Xero 1Q cash burn accelerates on rising staff, marketing costs

By Paul McBeth


Aug. 3 (BusinessDesk) - Xero, the cloud-based accounting software developer, burned through cash at a faster pace in the June quarter as it ramped up spending on an expanding workforce and more than doubled expenditure on marketing and advertising.

The Wellington-based company's operating cash outflow more than doubled to $17 million in the three months ended June 30 from the same quarter a year earlier, and widened from the $12.2 million outflow reported in the March period. Customer receipts jumped 72 percent to $40.5 million from a year earlier, with staff costs up 66 percent to $31.8 million and Xero's advertising and marketing spend more than doubling to $11.5 million. The staff costs included $3.7 million relating to annual tax payments on share-based compensation, more than twice the $1.4 million it spent a year earlier


The company's investing activities reported a cash outflow of $11.5 million in the quarter as Xero bought intellectual property and other current assets, up from the $9 million outflow a year earlier.

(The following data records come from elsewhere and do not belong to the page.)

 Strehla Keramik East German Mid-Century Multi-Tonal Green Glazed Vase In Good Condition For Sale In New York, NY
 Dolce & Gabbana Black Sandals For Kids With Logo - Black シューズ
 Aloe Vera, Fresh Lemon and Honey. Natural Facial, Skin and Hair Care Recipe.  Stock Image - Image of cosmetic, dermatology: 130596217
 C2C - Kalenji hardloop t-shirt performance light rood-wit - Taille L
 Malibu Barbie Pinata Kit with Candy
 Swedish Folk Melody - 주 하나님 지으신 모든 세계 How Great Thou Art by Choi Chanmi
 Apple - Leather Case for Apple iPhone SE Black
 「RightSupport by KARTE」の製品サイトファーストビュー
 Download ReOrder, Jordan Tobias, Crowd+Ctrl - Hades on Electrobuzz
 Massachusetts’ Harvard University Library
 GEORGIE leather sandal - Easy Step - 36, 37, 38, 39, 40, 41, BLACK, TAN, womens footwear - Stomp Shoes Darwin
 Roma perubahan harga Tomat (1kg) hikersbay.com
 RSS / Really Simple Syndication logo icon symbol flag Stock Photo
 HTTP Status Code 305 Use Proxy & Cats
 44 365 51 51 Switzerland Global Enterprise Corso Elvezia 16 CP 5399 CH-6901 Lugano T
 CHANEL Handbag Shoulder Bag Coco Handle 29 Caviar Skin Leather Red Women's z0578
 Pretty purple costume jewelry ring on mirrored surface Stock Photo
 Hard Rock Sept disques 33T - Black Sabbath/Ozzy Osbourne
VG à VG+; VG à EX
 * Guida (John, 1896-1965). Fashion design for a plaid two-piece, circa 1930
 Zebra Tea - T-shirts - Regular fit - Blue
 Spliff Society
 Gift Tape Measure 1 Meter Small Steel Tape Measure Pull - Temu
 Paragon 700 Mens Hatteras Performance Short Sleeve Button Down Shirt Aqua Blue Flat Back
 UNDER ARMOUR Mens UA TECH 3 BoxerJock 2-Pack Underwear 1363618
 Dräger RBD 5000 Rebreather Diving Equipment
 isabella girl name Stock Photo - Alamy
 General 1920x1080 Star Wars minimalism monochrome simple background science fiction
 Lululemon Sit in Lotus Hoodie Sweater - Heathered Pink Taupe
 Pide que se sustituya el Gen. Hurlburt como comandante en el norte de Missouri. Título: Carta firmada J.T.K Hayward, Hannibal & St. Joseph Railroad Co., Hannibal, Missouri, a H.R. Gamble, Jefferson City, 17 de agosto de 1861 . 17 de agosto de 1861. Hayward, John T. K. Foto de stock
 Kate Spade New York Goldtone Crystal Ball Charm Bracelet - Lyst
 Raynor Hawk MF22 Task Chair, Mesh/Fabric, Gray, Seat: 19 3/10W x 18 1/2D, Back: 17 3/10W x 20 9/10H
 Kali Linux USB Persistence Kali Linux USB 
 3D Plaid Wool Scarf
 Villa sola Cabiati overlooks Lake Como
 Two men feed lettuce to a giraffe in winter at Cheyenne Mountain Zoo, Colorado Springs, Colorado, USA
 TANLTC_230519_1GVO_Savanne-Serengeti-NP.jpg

"Xero continues to believe that ongoing investment in customer growth and product innovation is the correct strategy given the substantial opportunity and potential long-term returns," it said in a statement. "Xero is focused on containing its full financial year cash outflow to similar levels to Xero's prior financial year."

The software developer's total operating and investment outflow was $88.4 million in the 2015 financial year, and it raised a further $147 million in the year from US-based institutional funds.

Xero had cash and deposits totalling $243.5 million as at June 30, down from $268.9 million at the start of the quarter.

The shares fell 0.6 percent to $17.60, and have gained 9.6 percent this year.